Ink and Bone

For Eloise, however, the scales had tipped. There were more that needed her on the other side now than here.

She crunched through the snow, The Whispers louder than the wind. Those million voices all around her, telling her their stories of sorrow and loss, of love and joy, of birth and death, and lives lived well or otherwise. It was the chorus of humanity in all its beauty and discord. Sometimes lovely, other times painful to hear. Eloise had been listening for so long. And she was very tired, tired to her bones, as if they didn’t have the strength to hold her anymore.

She pushed through the clearing. The roof of the old church was covered in snow, caps of white resting on the gravestones, heavy frosting on the branches of the trees. She heard the voice of a woman she used to know, singing.

Little flowers in the garden.

Yellow, orange, violet, blue.

Eloise could see the lights off in the distance, the klieg of red and white shining up into the sky like a display of aurora borealis. She’d seen the Northern Lights once, eerie green dancers in the sky, the stroke of a cosmic paintbrush on the night. There were so many beautiful and mysterious things about this world. It almost made up for all the rest of it. Almost.

“Abel Crawley, what have you done?”

He stood at the low wall of the graveyard, weeping. Eloise was not one who believed in evil, per se, though she’d witnessed many evil acts. As far as Eloise was concerned, there were only two ways of being in the world. You either walked through life acting out of love, or you acted out of fear. But Abel Crawley made her wonder. She’d known some black spots on the fabric of the universe, and he was certainly one. Like an ink stain on a wedding dress, they spread their blackness, and it worked its way into the delicate weave, damaging it, and leaving an indelible mark.

He’d been a terrible boy—a bully, an animal sadist, an arsonist. He got smart and learned to hide himself, and then he was more dangerous still. He liked young flesh, he liked fear, he liked misery and pain. And yet he moved among the people of The Hollows invisible, mowing lawns and trimming shrubs, and peering in windows for that special light, the shine of the Dreamers.

“I can’t get them to be qu-qu-quiet,” he sobbed. “They w-w-won’t leave me a-a-alone.”

She saw them all around him. They looked like angels in the snow. Abigail, Patience, Sarah, Priscilla—and others, so many others. The lost girls, the broken, abused, neglected, and murdered. All those Eloise had tried to help or save over the years but couldn’t, and some she’d never seen before. They were restless, angry, and oh so tired, just like Eloise.

“You don’t deserve silence, Abel,” she said.

Eloise released a series of shuddering coughs then. Her last visit with Dr. Apple hadn’t been a pleasant one.

“There’s still hope, Eloise,” he said, exasperated with her again. “But not without the treatment. Without the treatment, the way this is progressing, you don’t even have six months.”

“The cure is worse than the disease, Ben,” she said.

“Until the cure takes hold,” he said. “And then you live well again.”

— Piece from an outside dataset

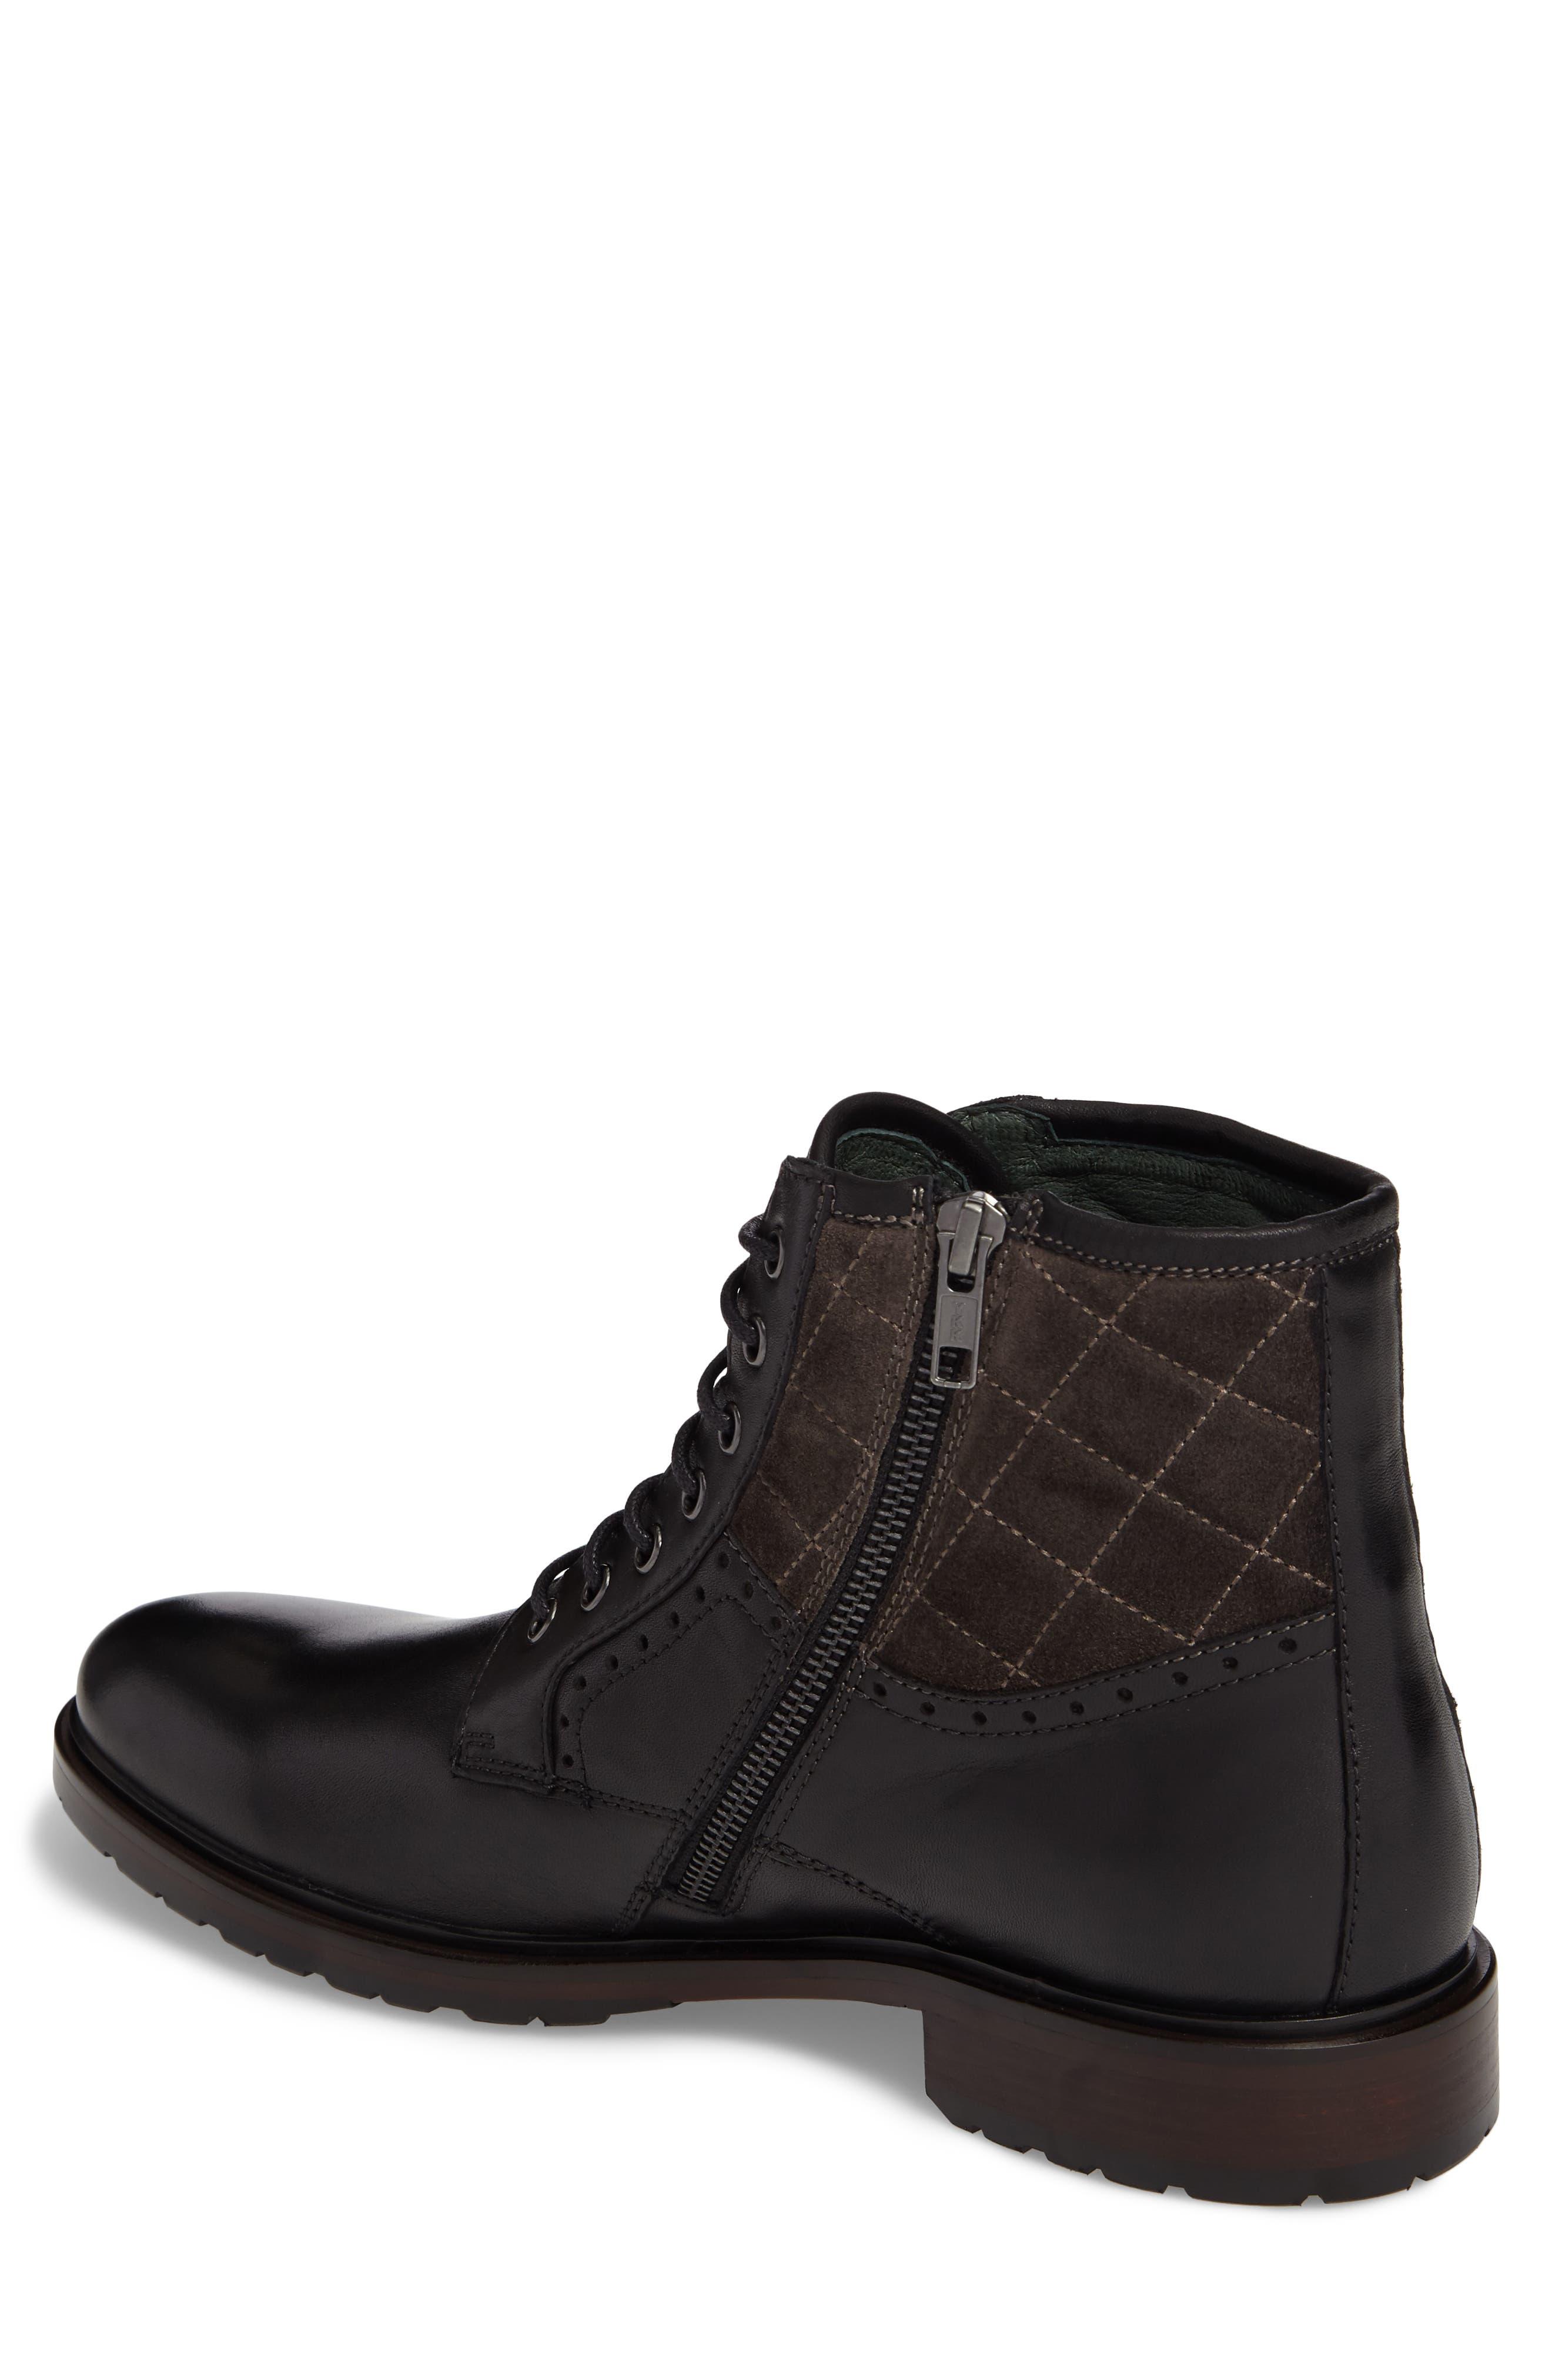 Myles Plain Toe Boot,                             Alternate thumbnail 2, color,                             Black Leather

Live well again. The truth was, she hadn’t lived well since Alfie and Emily died, since the accident that took their lives gave her these abilities. She’d tried to see what she did as a gift. She knew that she’d helped many people, that the world was a better place because of the things she had done. But it hadn’t been a better place for her.

“I want you to understand that I view your refusal of treatment as a form of suicide.” He was a serious young man about Amanda’s age.

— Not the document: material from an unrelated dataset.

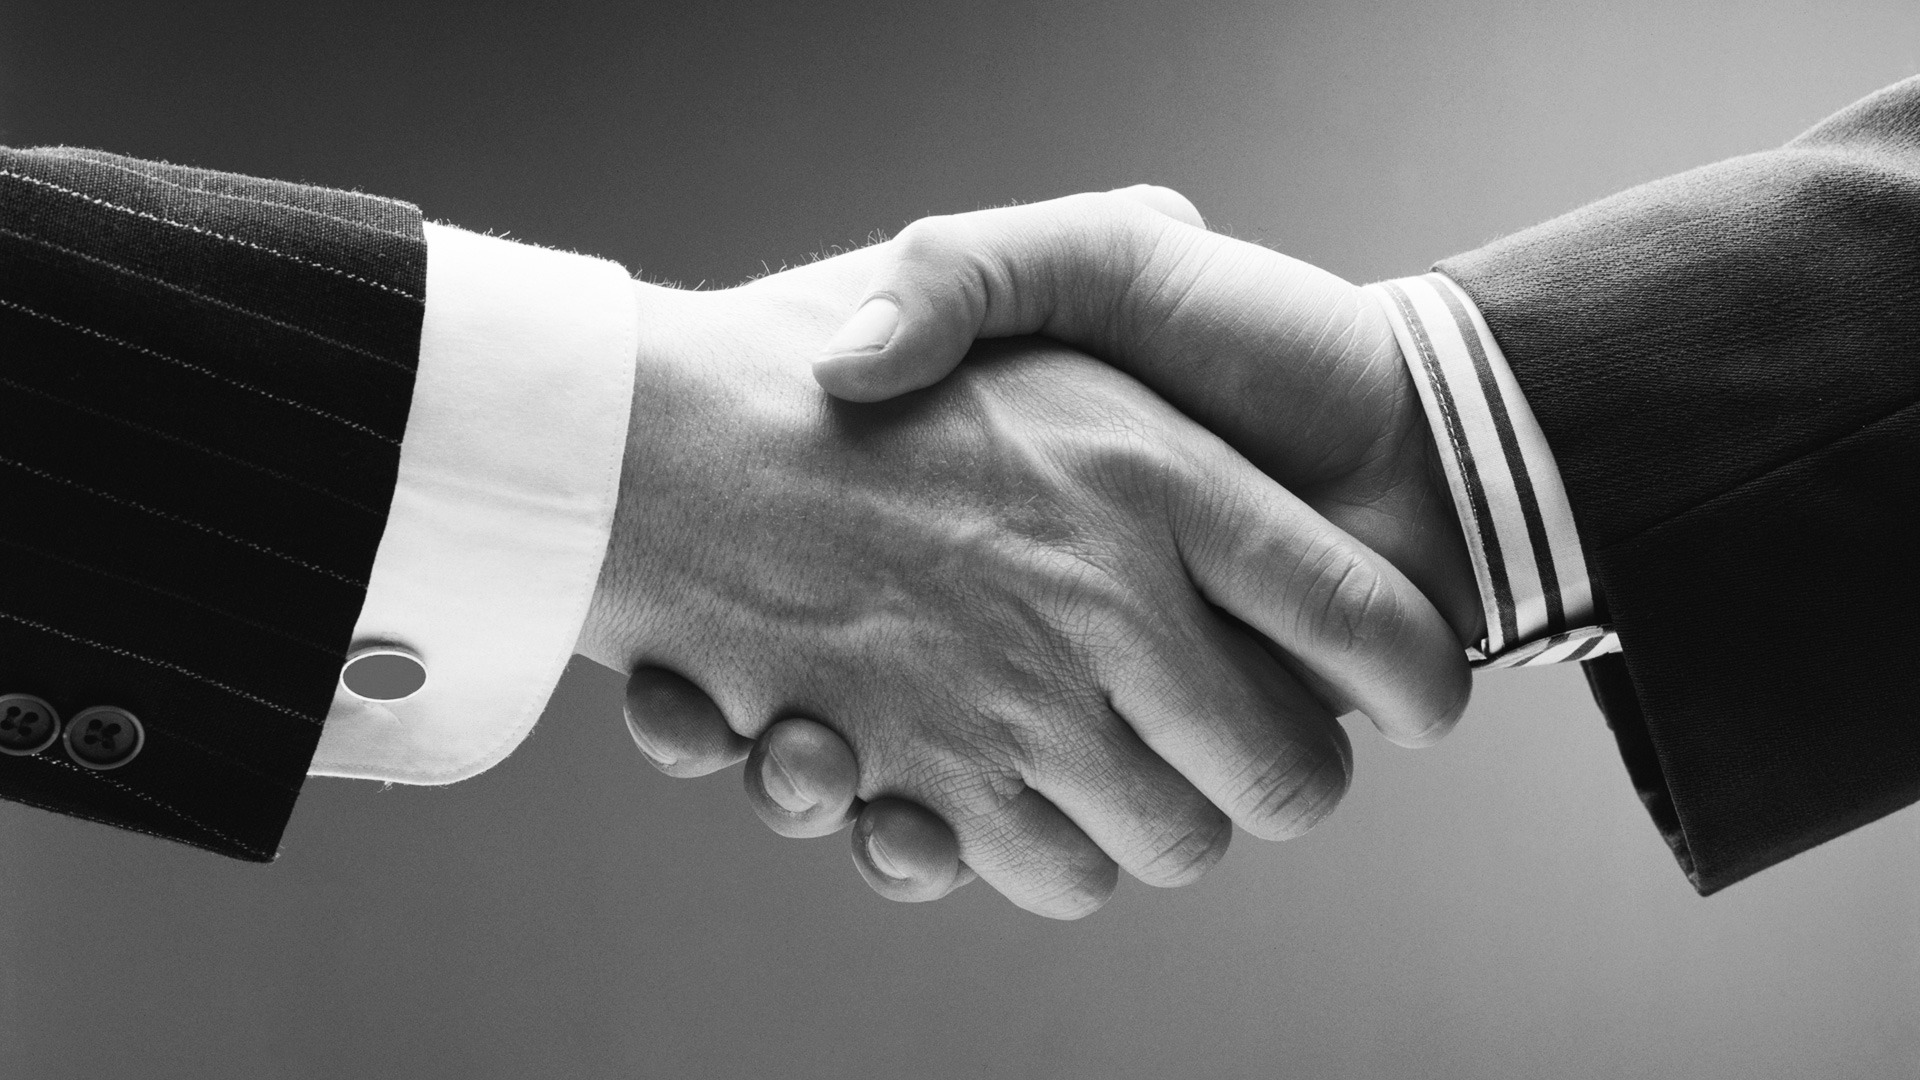 Partnership with Readunit

“Don’t be so grim, doctor,” she said. “It doesn’t suit you.”

He’d released a frustrated breath. Outside, the day had been bright and blue. She watched the wind blow the white clouds. They shifted and changed shape—a puppy, a dragon, a couple dancing.

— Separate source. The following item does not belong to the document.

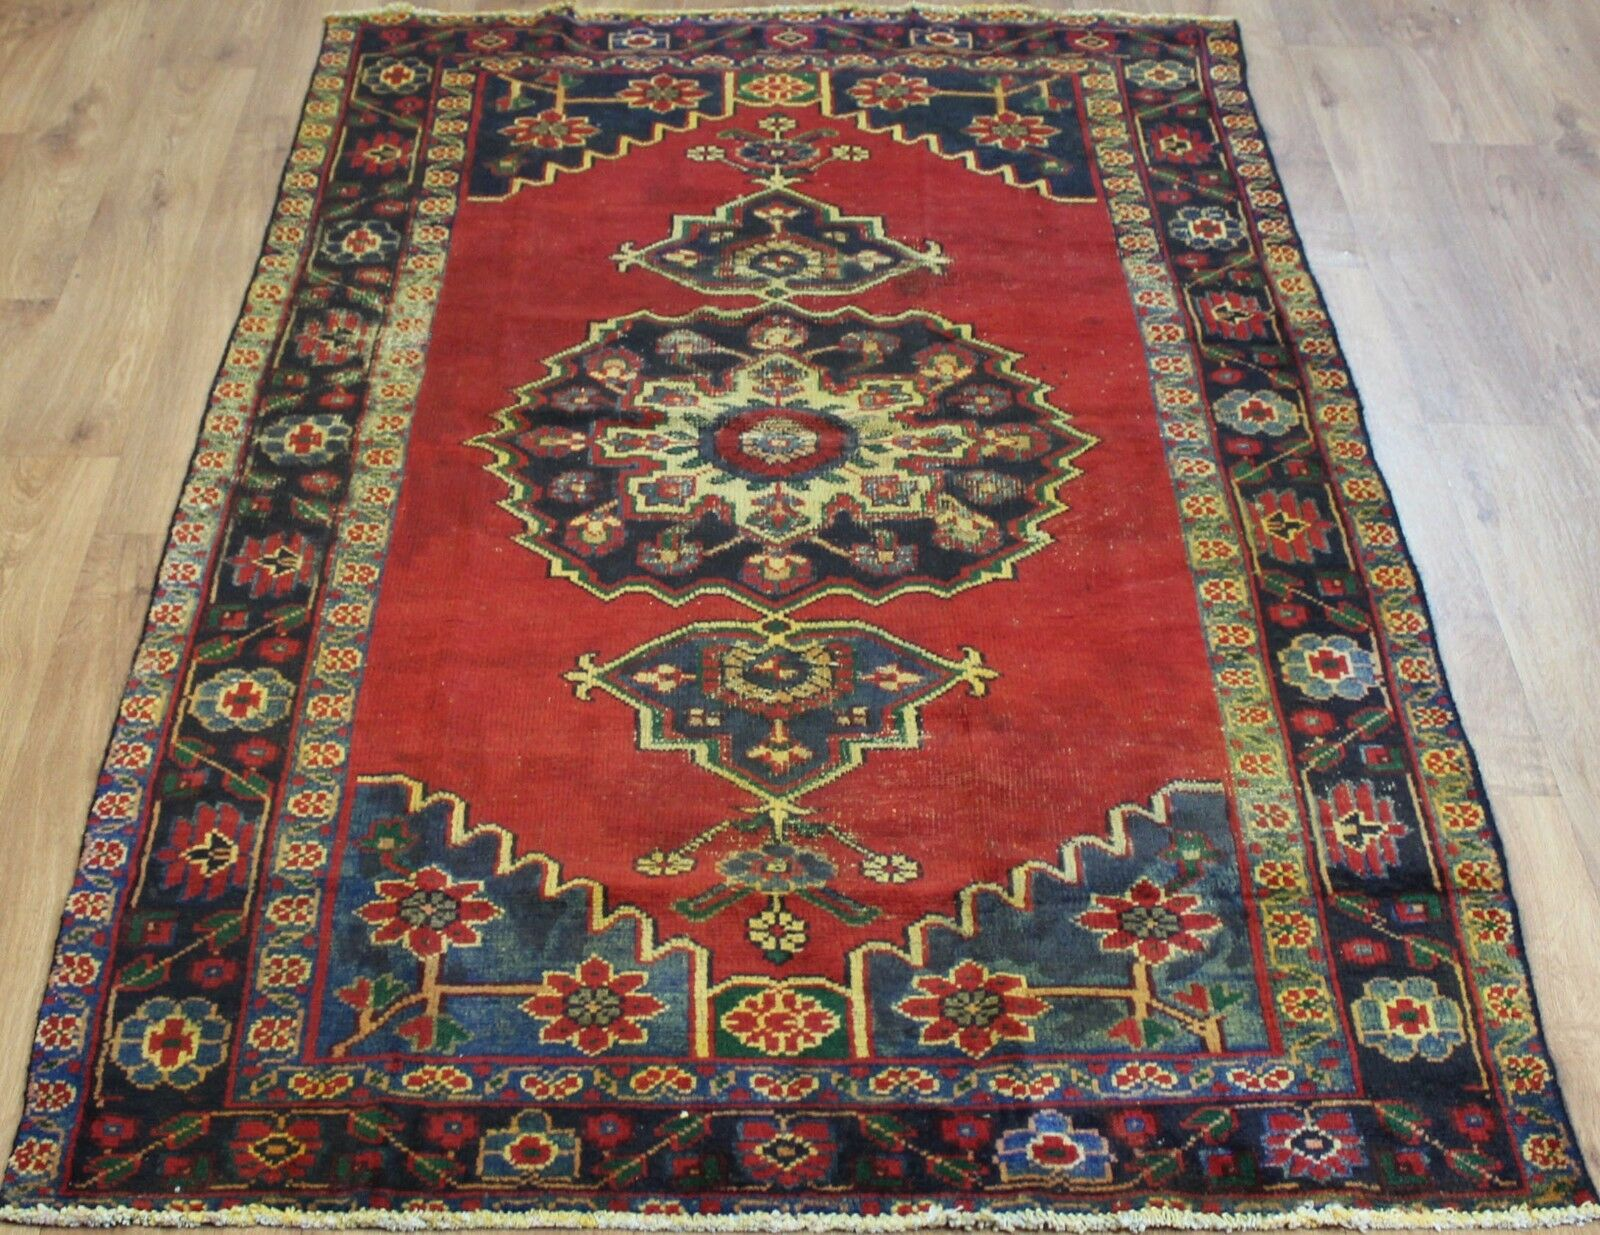 Persiano Tradizionale Lana Vintage 227cmX128cm Tappeto orientale orientale orientale fatto a mano Carpet Rugs fd081c

“But there could hardly be a more grim situation,” he said, taking off his glasses and rubbing his eyes. “Surely you see that.”

Perhaps only doctors knew what Eloise and people like her knew, that life was a closed unit, a sphere you might hold in the palm of your hand, contained and finite. The body had its very unyielding limits, a thing youth never understands. But obviously the good doctor didn’t comprehend that there was so much more than the life of the body. That, in fact, that was the least of it.

“I can see that’s how you feel,” she said. “And I’m sorry.”

“Mrs. Montgomery,” he said. “Eloise. Please don’t do this.”

Now, the snow had stopped falling and the air had taken on an icy stillness. The boy was there, too, standing behind his father. He was broken, damaged, but not a stain like his father.

“Arthur,” she said gently.

He stepped into view, his head bowed. “I never wanted to hurt anyone.”

“Arthur, walk yourself through those trees and find a man named Jones Cooper. Tell him who you are and what you and your father have done. Tell him where to find the girls.”